Metadata-Version: 2.3
Name: newspaperV3
Version: 0.3.0
Summary: Advanced news extraction, article parsing, and content analysis.
License: MIT
Keywords: newspaper,news,article,extraction,scraping,nlp,content,parsing
Author: Lucas Ou-Yang
Requires-Python: >=3.8,<4.0
Classifier: Development Status :: 4 - Beta
Classifier: Intended Audience :: Developers
Classifier: License :: OSI Approved :: MIT License
Classifier: Operating System :: OS Independent
Classifier: Programming Language :: Python :: 3
Classifier: Programming Language :: Python :: 3.8
Classifier: Programming Language :: Python :: 3.9
Classifier: Programming Language :: Python :: 3.10
Classifier: Programming Language :: Python :: 3.11
Classifier: Programming Language :: Python :: 3.12
Classifier: Programming Language :: Python :: 3.13
Classifier: Topic :: Software Development :: Libraries :: Python Modules
Classifier: Topic :: Text Processing
Requires-Dist: Pillow (>=8.1.2)
Requires-Dist: beautifulsoup4 (>=4.9.3)
Requires-Dist: cssselect (>=1.1.0)
Requires-Dist: feedfinder2 (>=0.0.4)
Requires-Dist: feedparser (>=6.0.2)
Requires-Dist: jieba3k (>=0.35.1)
Requires-Dist: lxml (>=4.6.2)
Requires-Dist: nltk (>=3.6.2)
Requires-Dist: python-dateutil (>=2.8.1)
Requires-Dist: requests (>=2.25.1)
Requires-Dist: tinysegmenter (>=0.3)
Requires-Dist: tldextract (>=3.1.0)
Project-URL: Homepage, https://github.com/salah55s/newspaperV3
Project-URL: Repository, https://github.com/salah55s/newspaperV3
Description-Content-Type: text/markdown

# newspaperV3

An advanced library for news extraction, article parsing, and content analysis.
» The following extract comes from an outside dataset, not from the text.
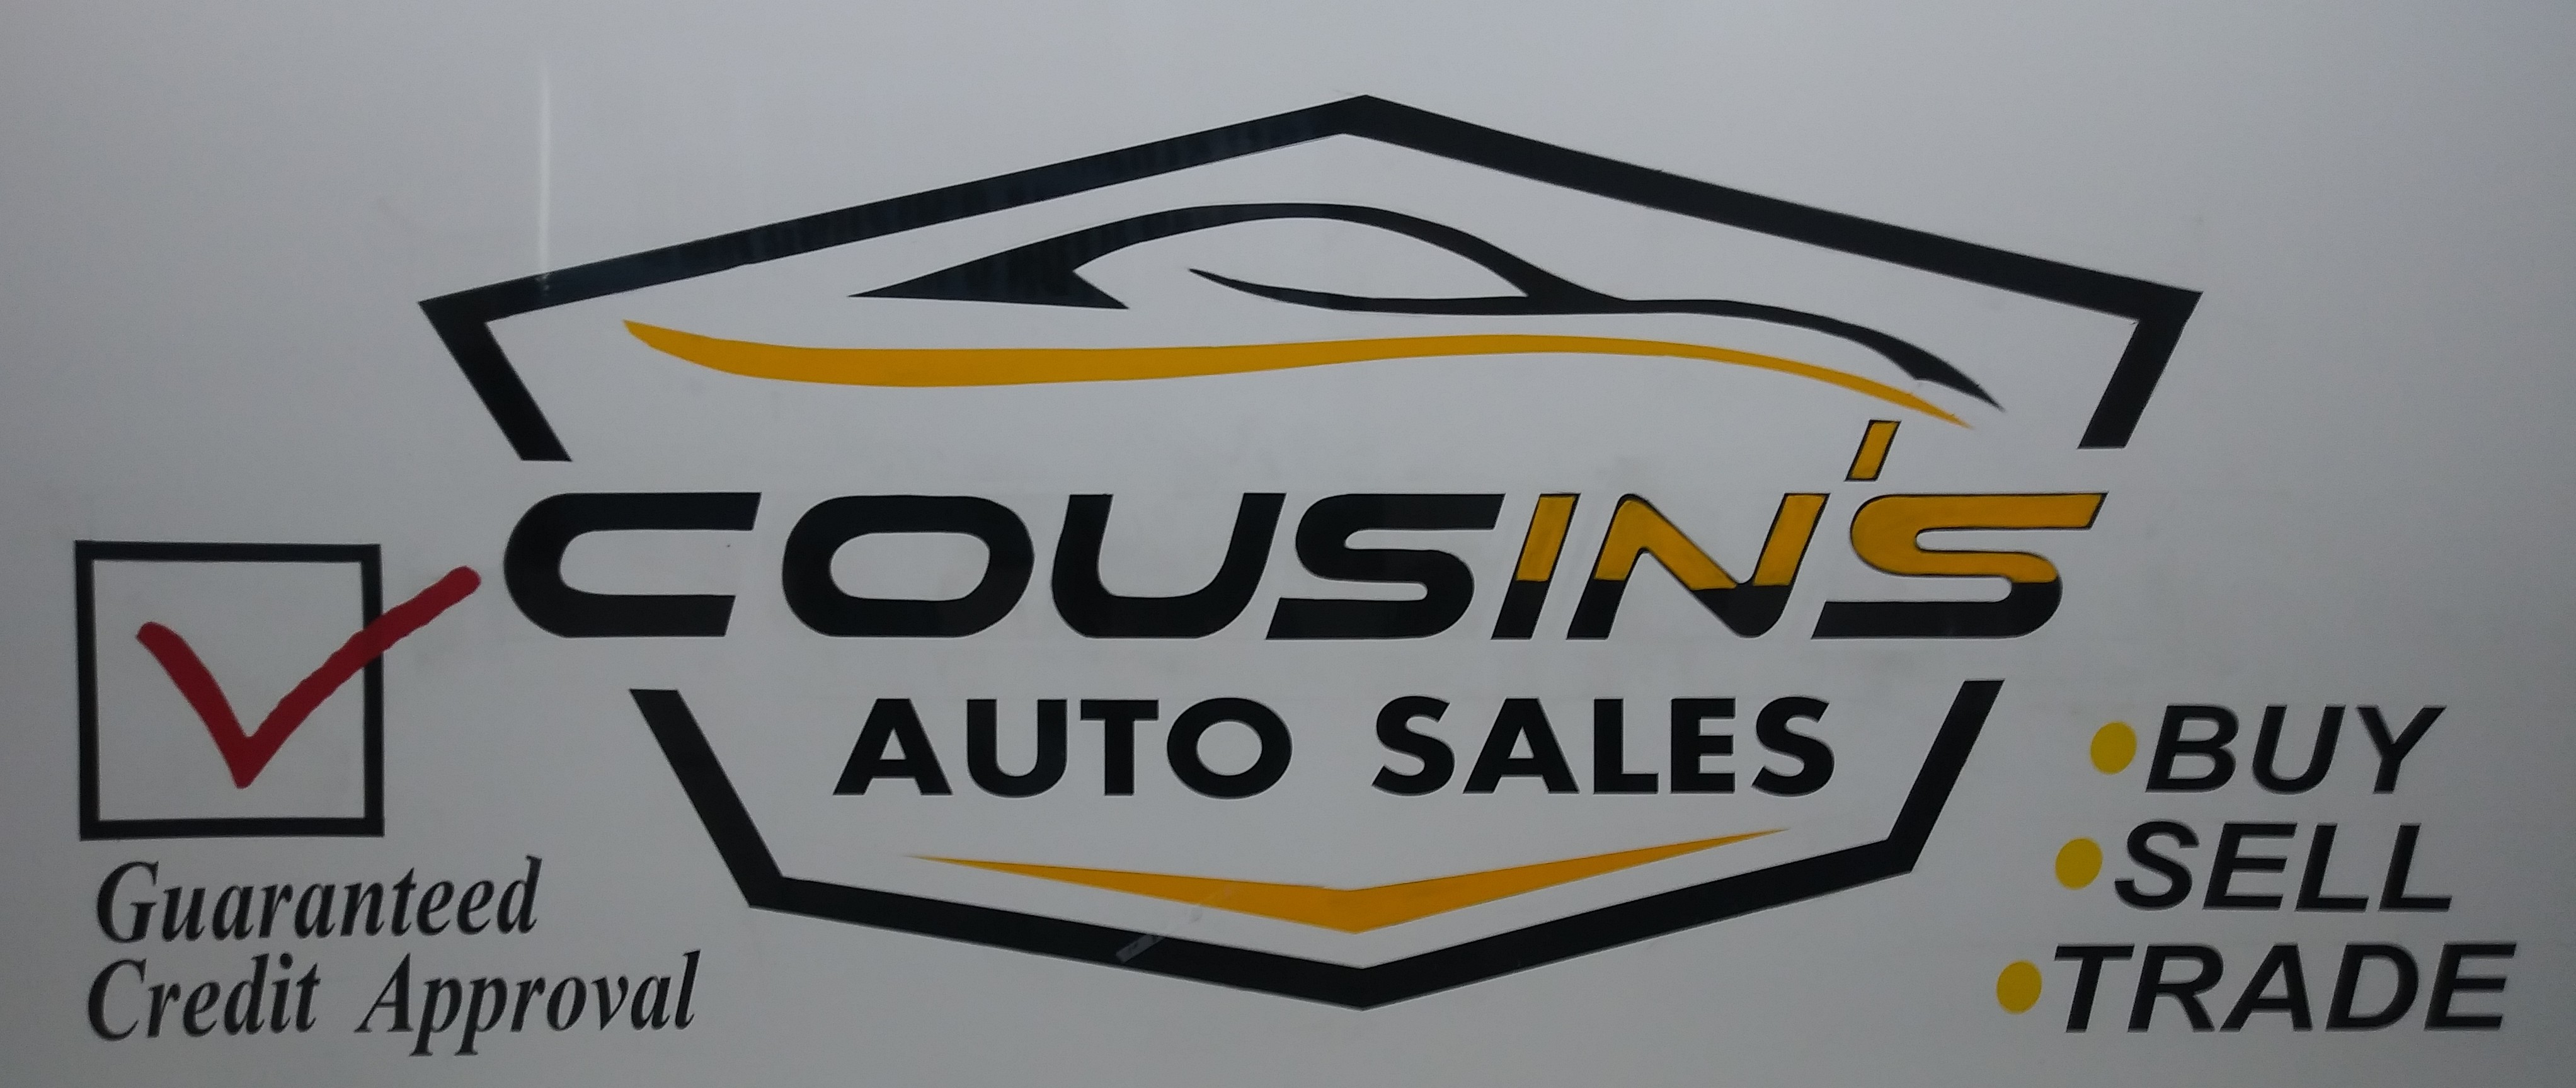 Cousin's Auto Sales 4790 Airway Rd, Dayton, OH 45431 - superpages.com

This is a fork/version based on the original `newspaper` library by Lucas Ou-Yang.

## Installation

Install the package using pip:

```bash
pip install newspaperV3
```

## Basic Usage

Here's a simple example of how to download and parse an article:

```python
from newspaperV3 import Article
import nltk

# NLTK data is required for the first run
# nltk.download('punkt')

url = 'https://www.cnn.com/2023/11/15/politics/us-china-meeting-biden-xi/index.html'

# Create an Article object
article = Article(url)

# Download and parse the article
article.download()
article.parse()

# Perform Natural Language Processing (NLP)
article.nlp()

# Print the results
print("Title:", article.title)
print("Authors:", article.authors)
print("Publish Date:", article.publish_date)
print("Top Image:", article.top_image)
print("\nSummary:")
print(article.summary)
print("\nKeywords:", article.keywords)
```

## Features

* **Article Extraction** : Automatically extract clean article text from web pages
* **Metadata Parsing** : Extract titles, authors, publication dates, and images
* **Natural Language Processing** : Generate summaries and extract keywords
* **Multi-language Support** : Process articles in various languages
* **Image Processing** : Extract and analyze article images
* **Content Analysis** : Advanced text processing and analysis capabilities

## Requirements

* Python 3.6+
* NLTK (for natural language processing)
* Additional dependencies installed automatically

## License

This project is licensed under the MIT License.